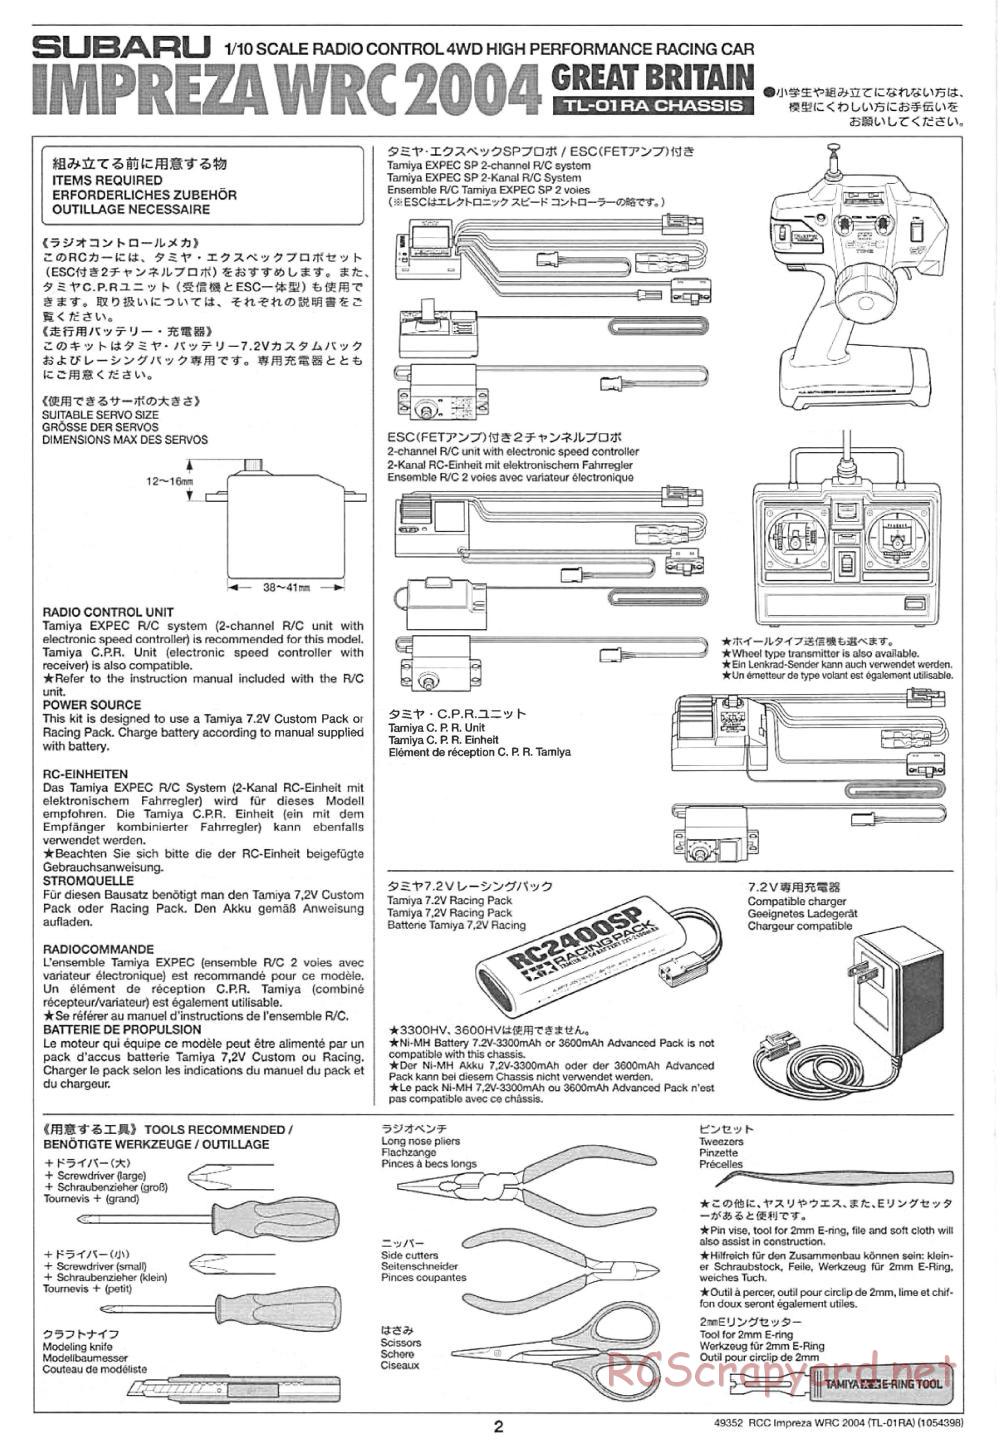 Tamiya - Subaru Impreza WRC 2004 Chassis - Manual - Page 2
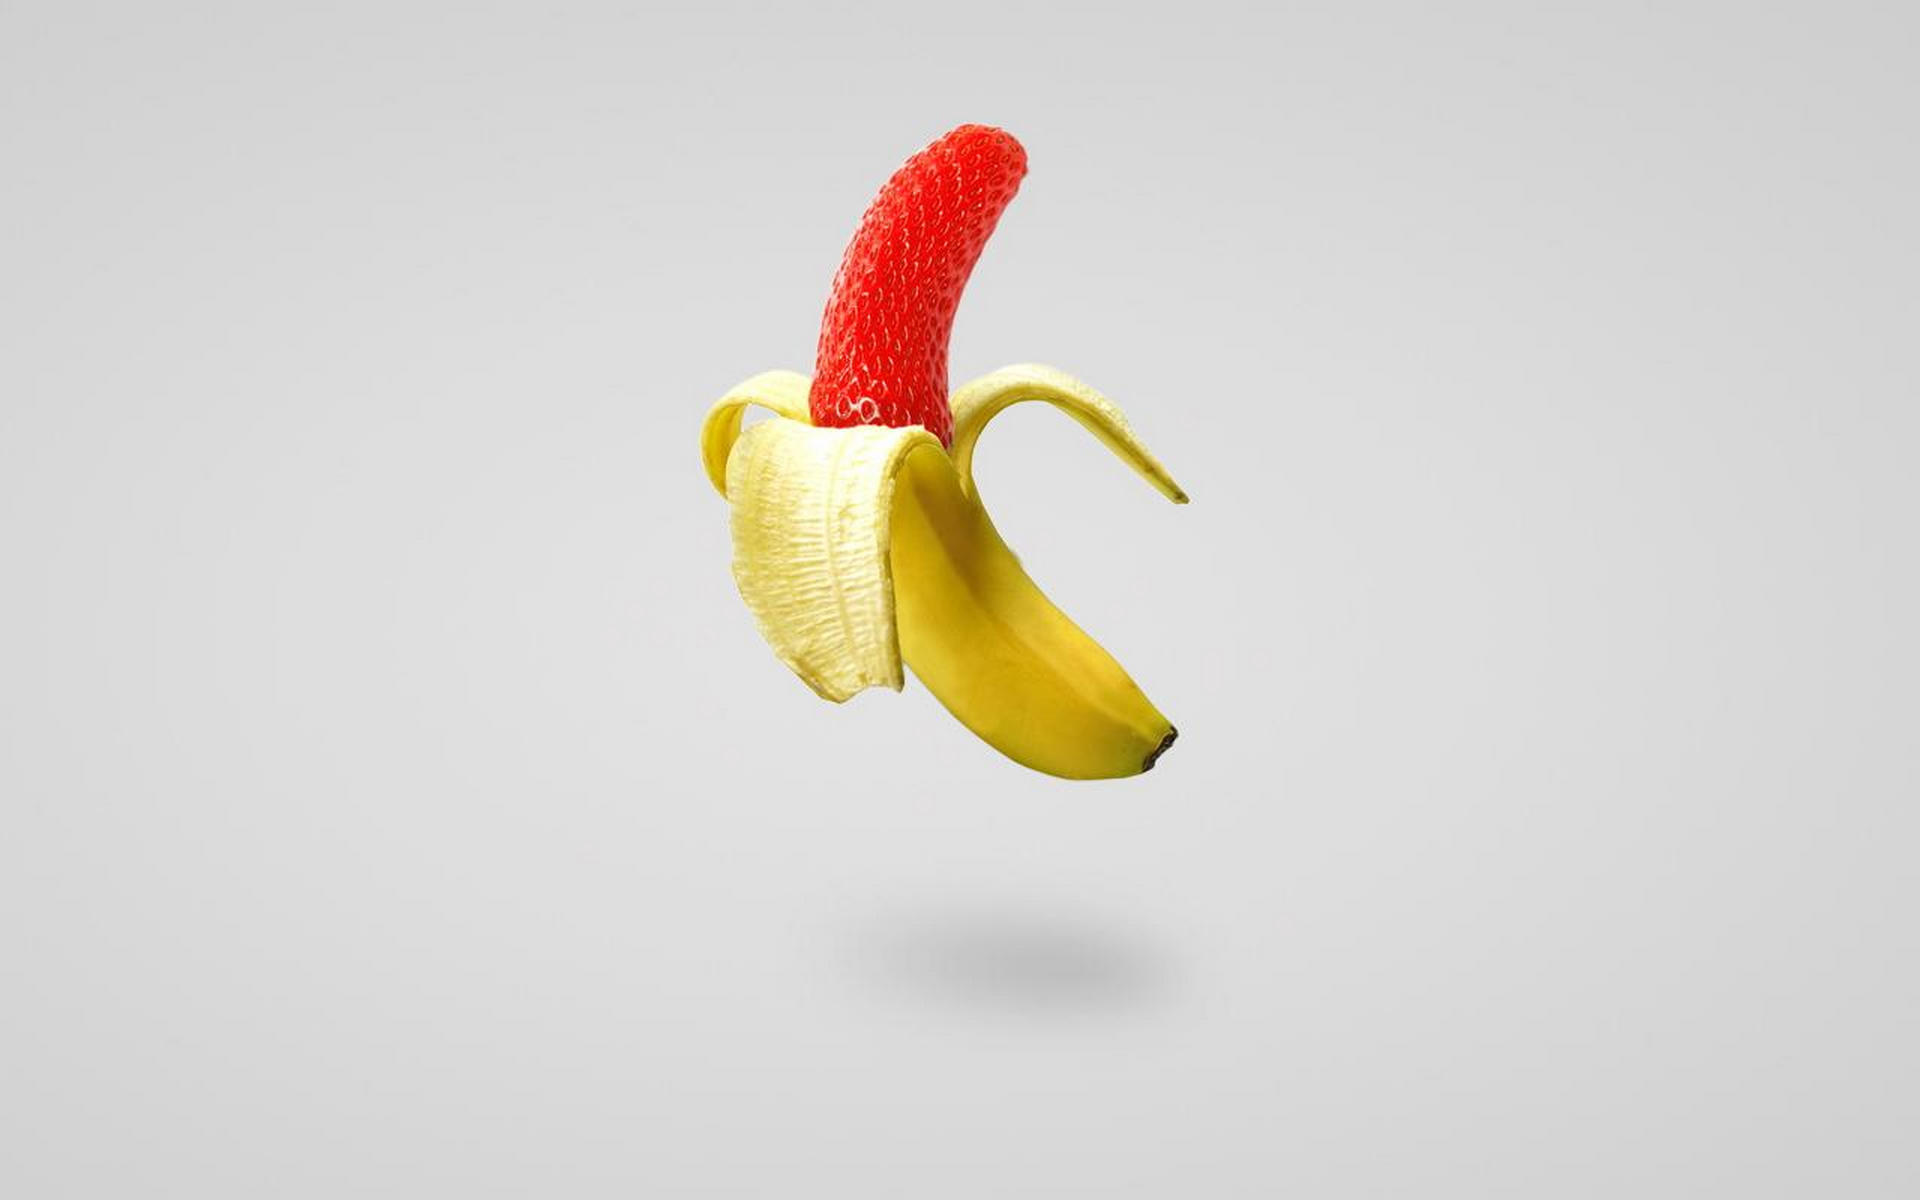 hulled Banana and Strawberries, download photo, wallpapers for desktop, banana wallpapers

==

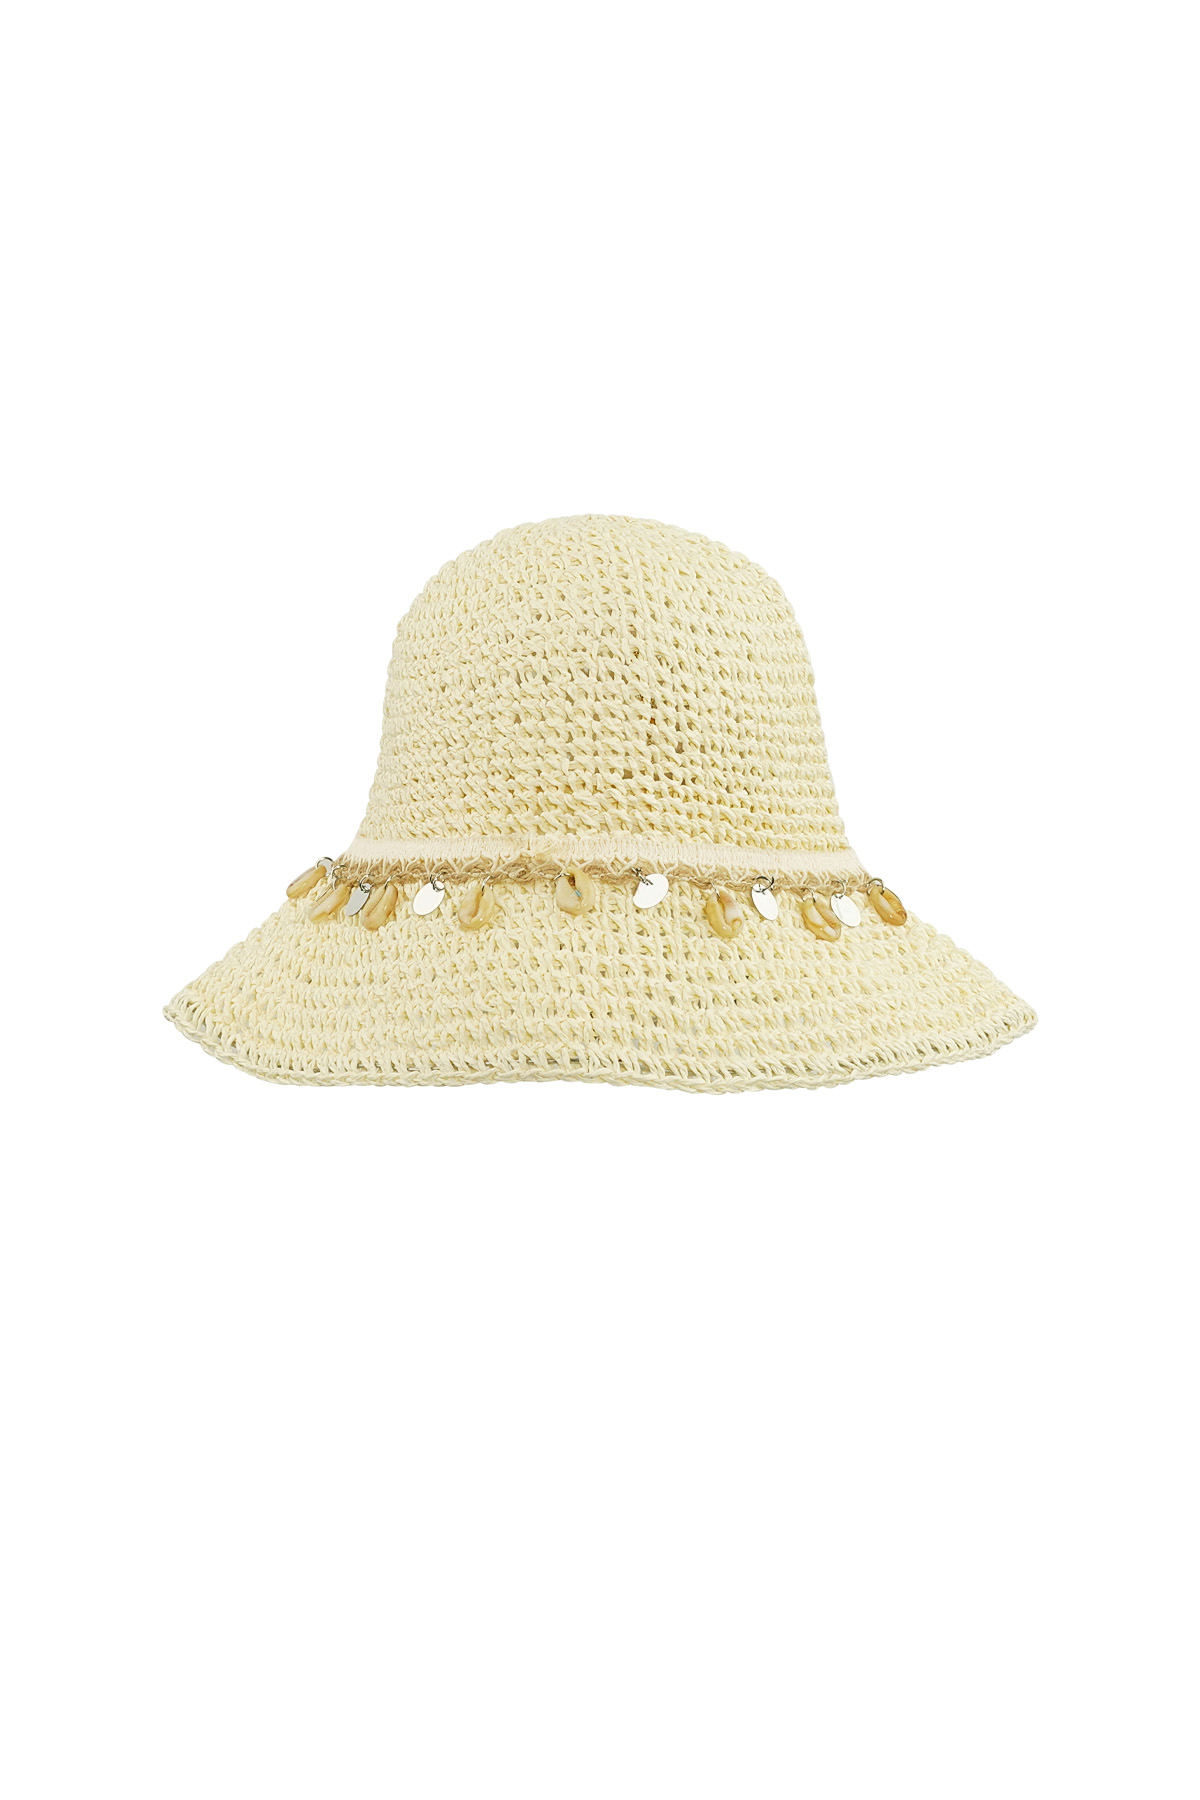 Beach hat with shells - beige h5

▶ _Problem_
From the listing above, repeat only the lines between the line containing "Tamiya - Subaru" and the line containing "hulled Banana and", those two included. Pictures are not part of the copy.

▶ _Answer box_
 Tamiya - Subaru Impreza WRC 2004 Chassis - Manual - Page 2
 hulled Banana and Strawberries, download photo, wallpapers for desktop, banana wallpapers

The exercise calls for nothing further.